=== EXERCISE INSTRUCTIONS ===
The data below should be transcribed in full, with no picture included.

=== DATA SHOWN ===
******

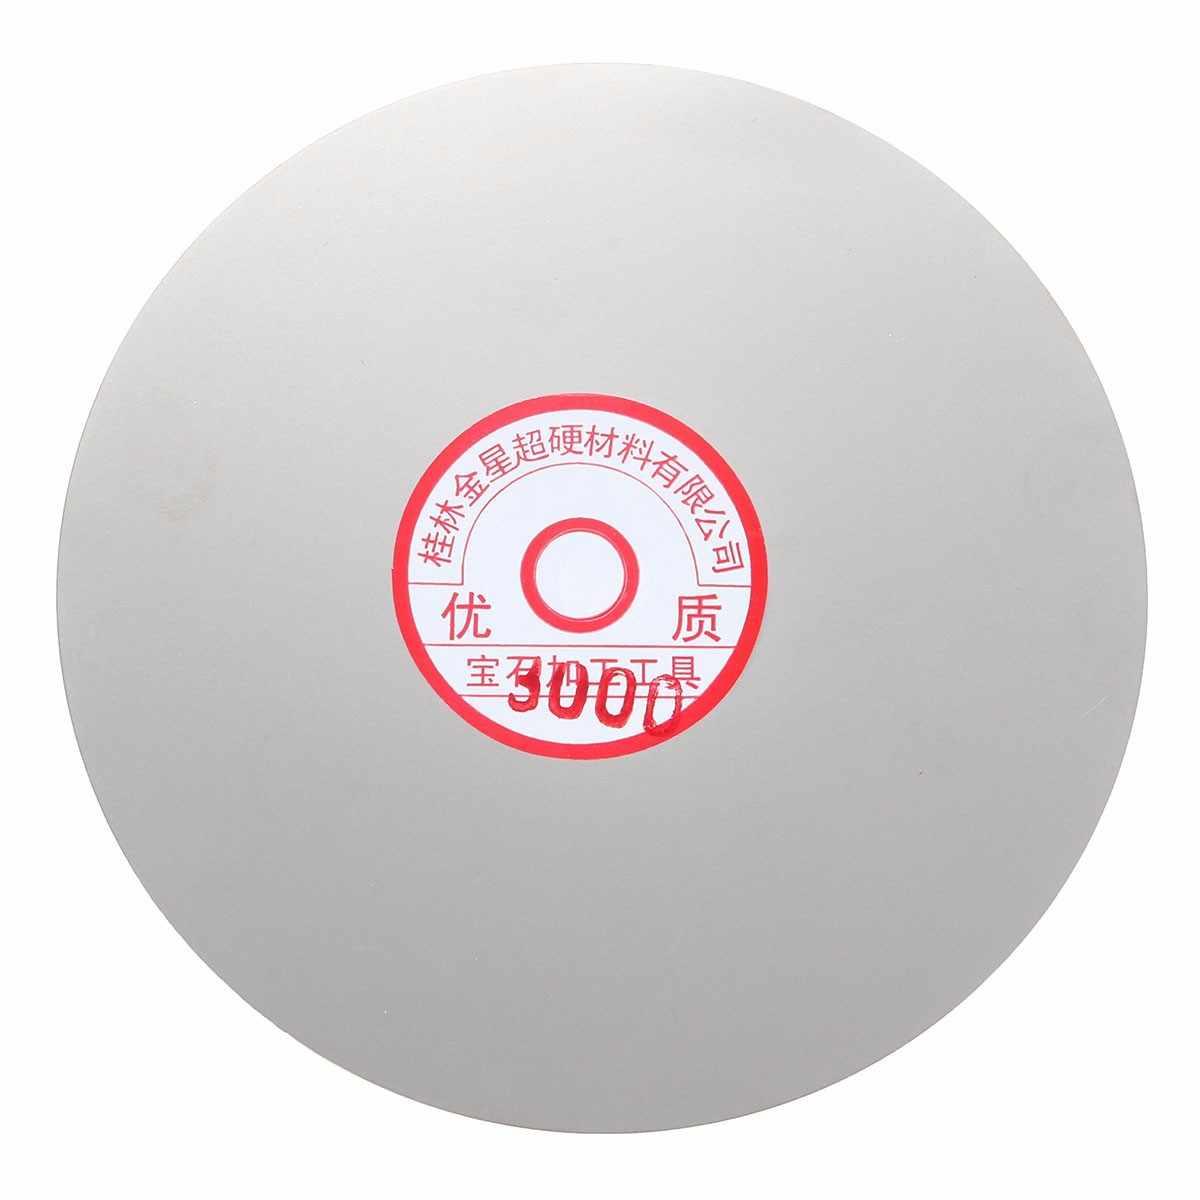 Juego de disco de pulido de 3 piezas de 6 pulgadas de 600 #1500 #3000 con revestimiento de diamante joyería de cristal de roca
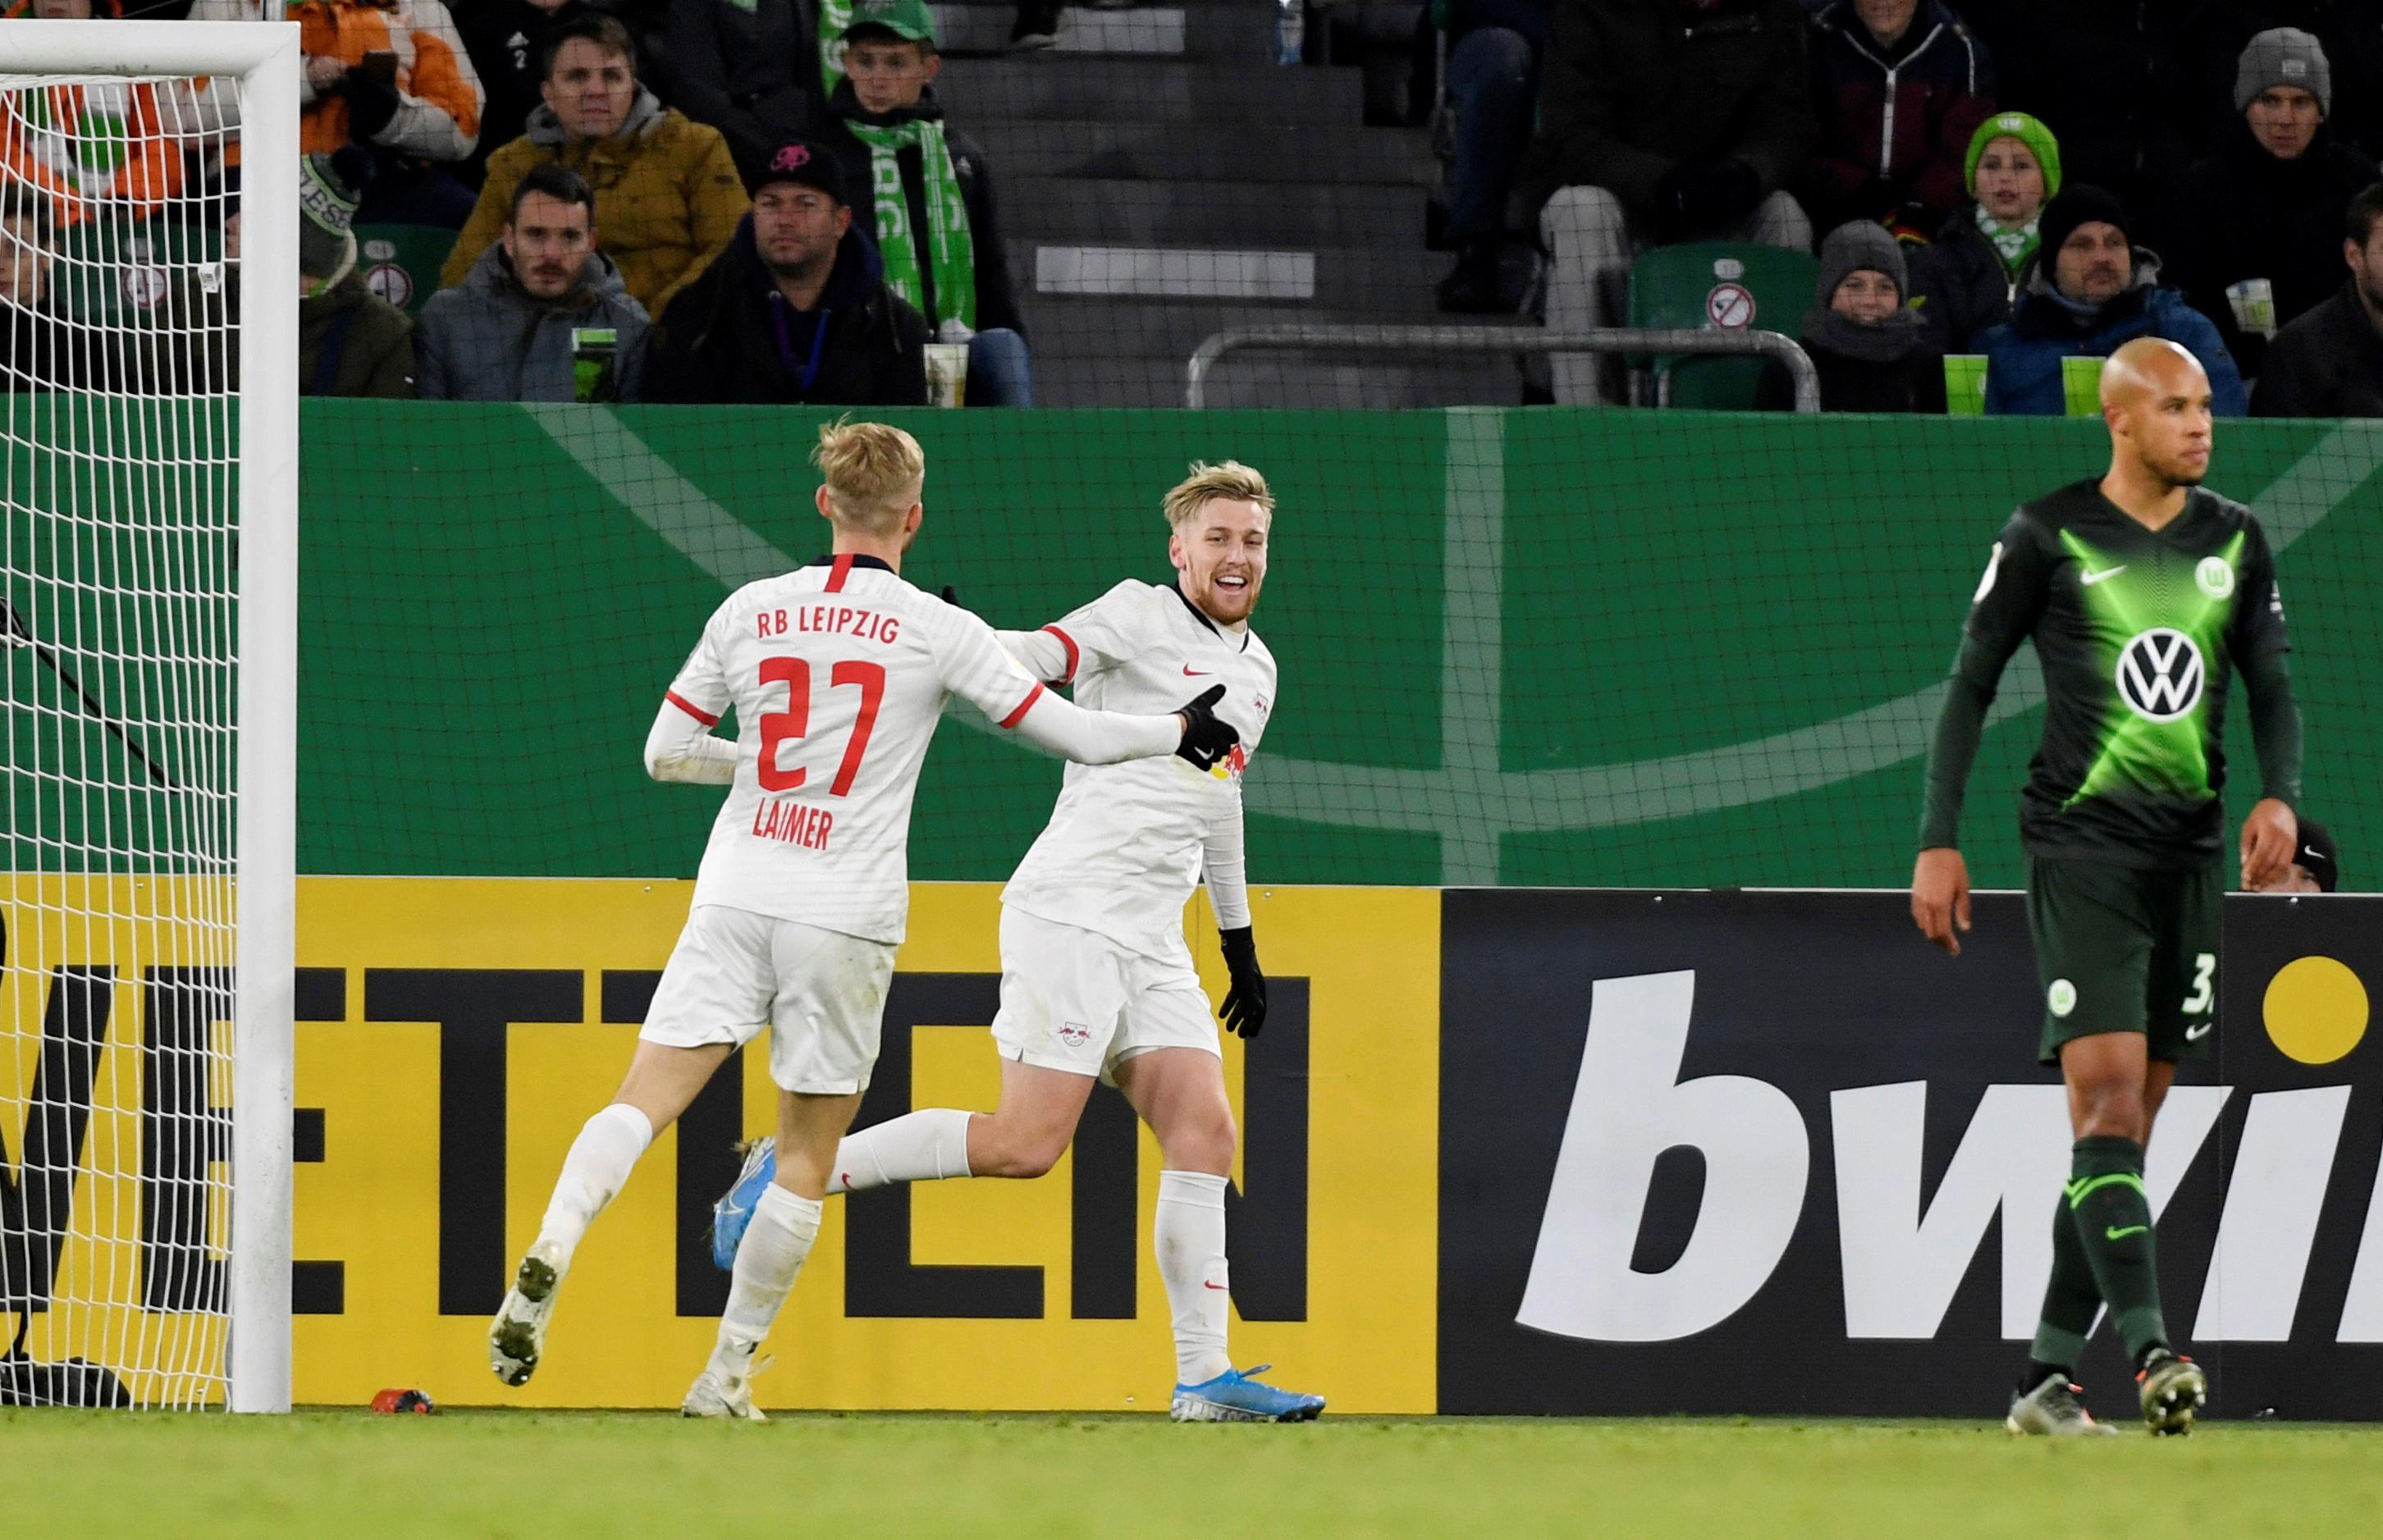 Κύπελλο Γερμανίας: Έβρεξε… γκολ από Λειψία και Βέρντερ!
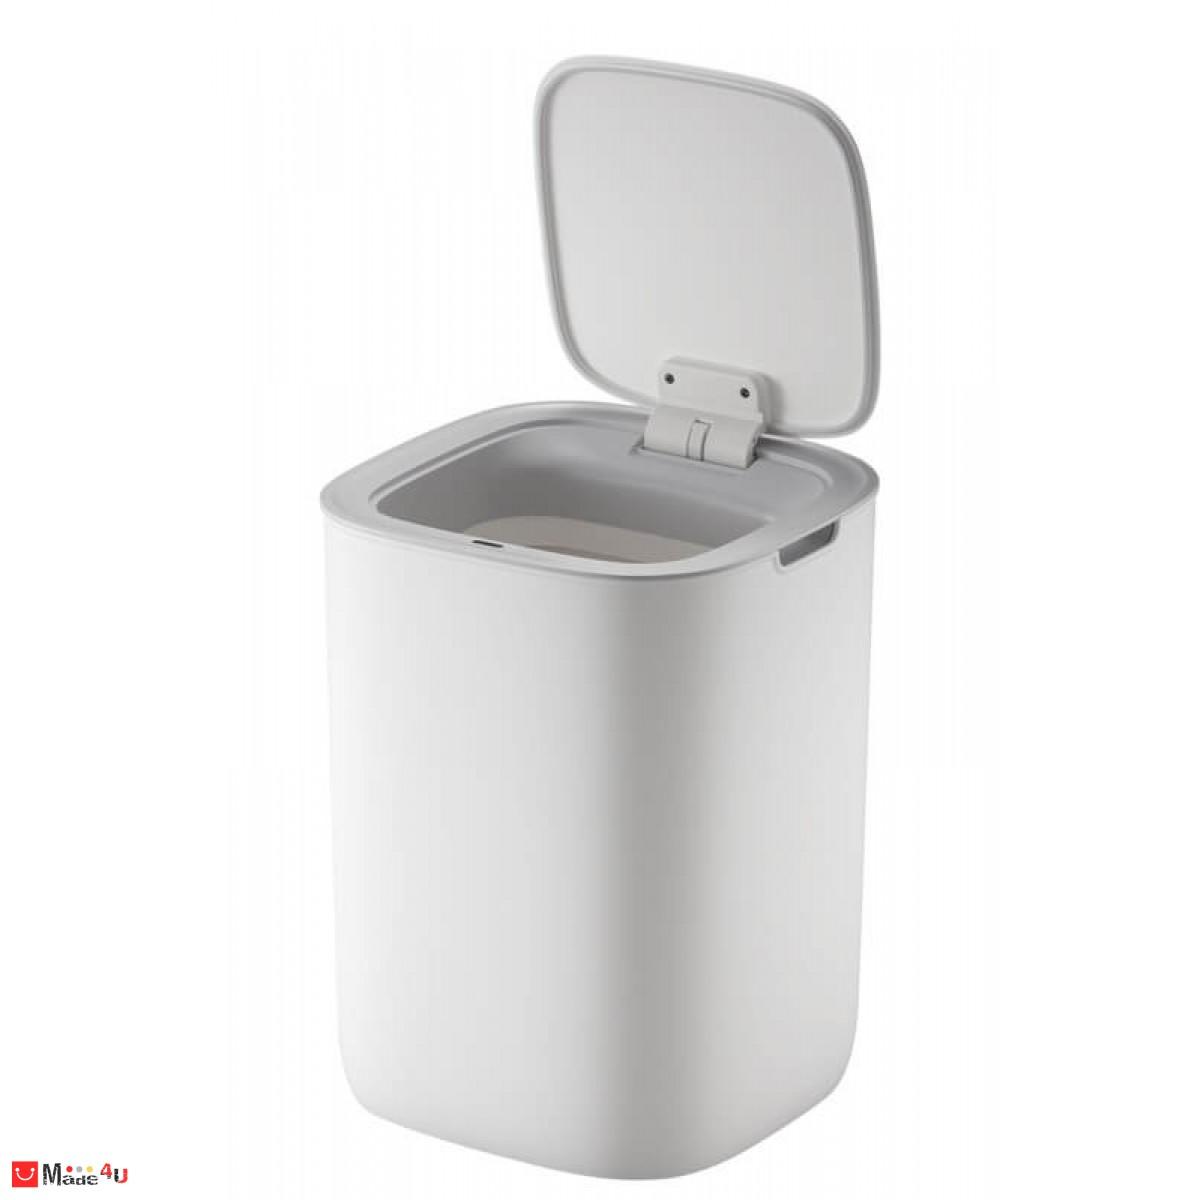 Сензорен кош за отпадъци - 12 литра, бял. Модел MORANDI SMART, марка EKO
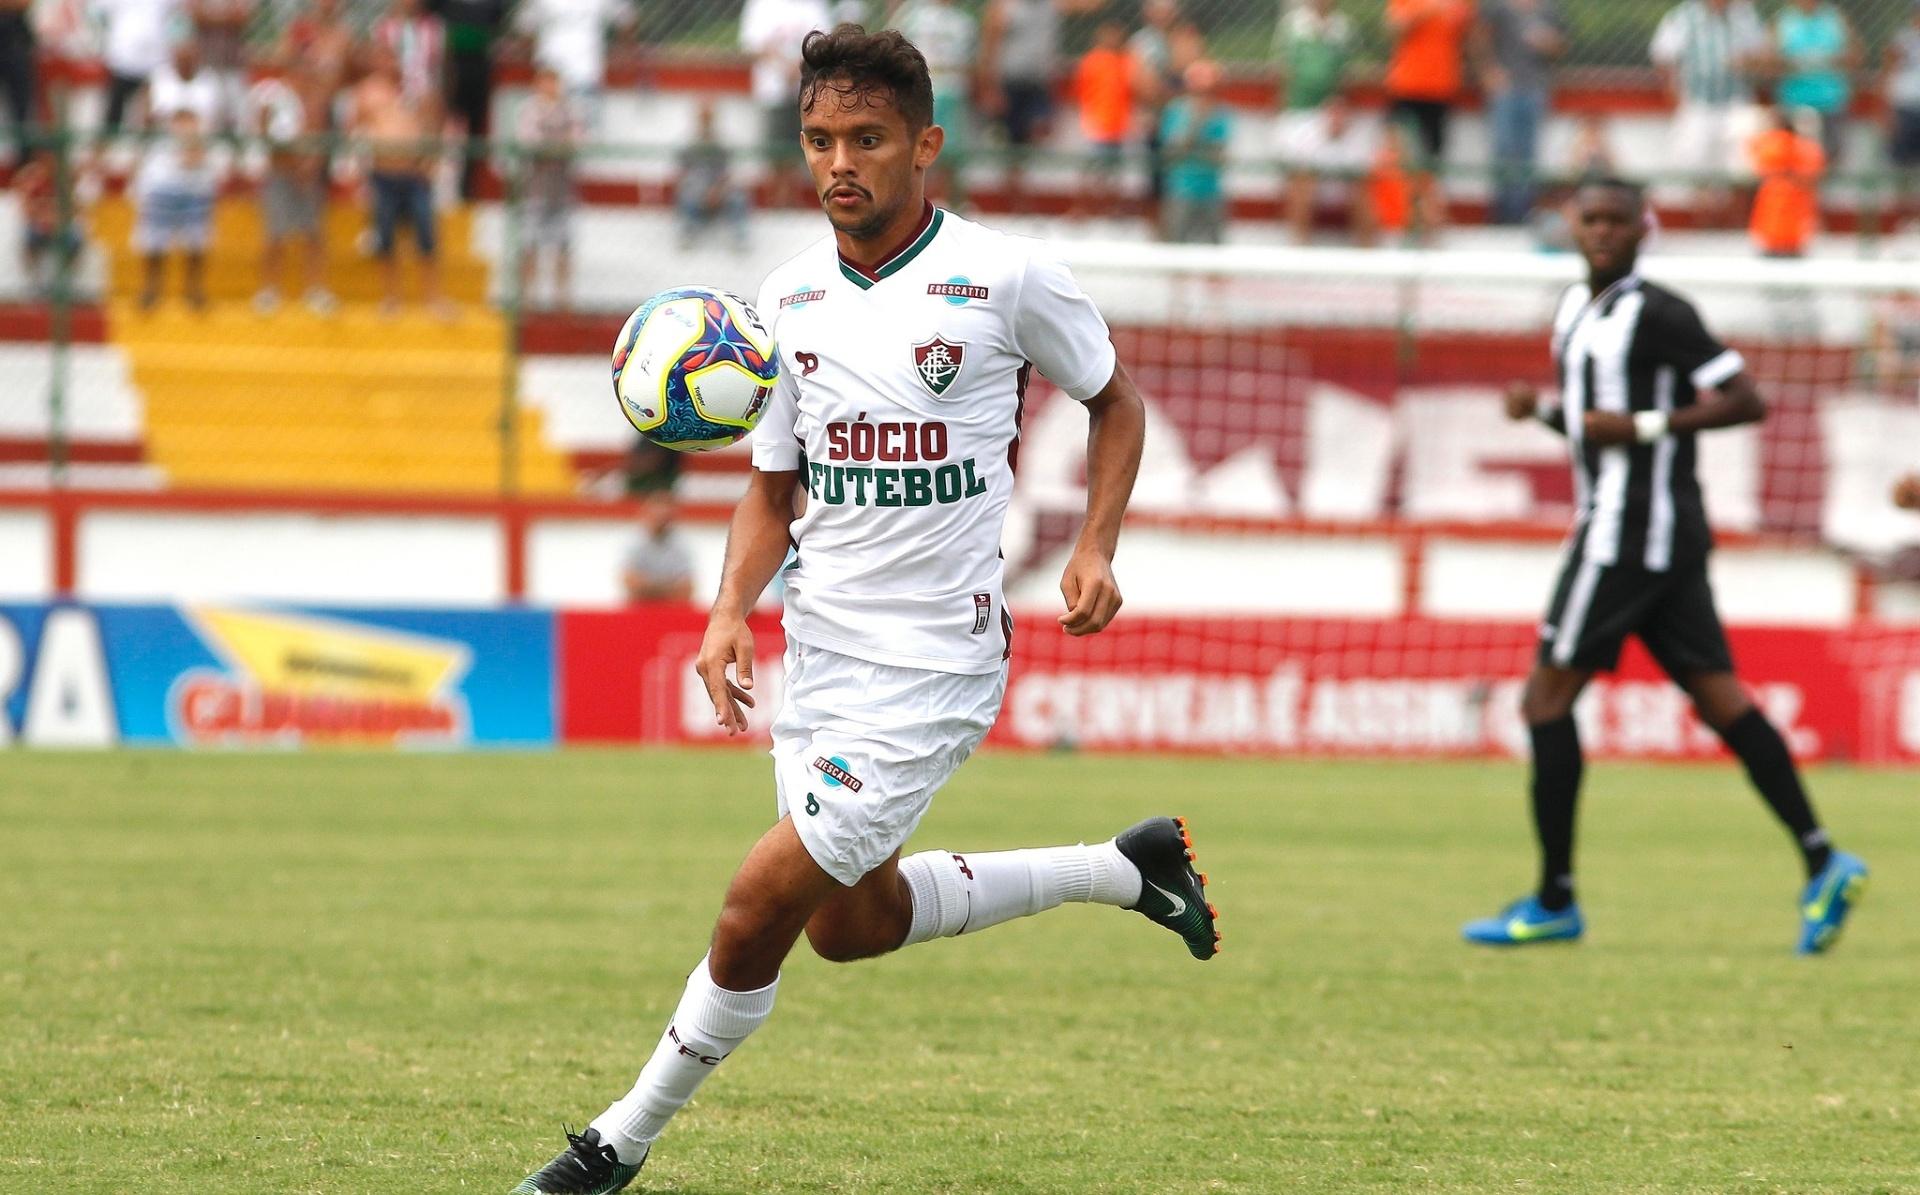 06c0b4de61 Por que o Fluminense vai ter que esperar cinco meses por uniforme ...

******

=== FINISHED TASK ===
 Juego de disco de pulido de 3 piezas de 6 pulgadas de 600 #1500 #3000 con revestimiento de diamante joyería de cristal de roca
 Κύπελλο Γερμανίας: Έβρεξε… γκολ από Λειψία και Βέρντερ!
 Сензорен кош за отпадъци - 12 литра, бял. Модел MORANDI SMART, марка EKO
 06c0b4de61 Por que o Fluminense vai ter que esperar cinco meses por uniforme ...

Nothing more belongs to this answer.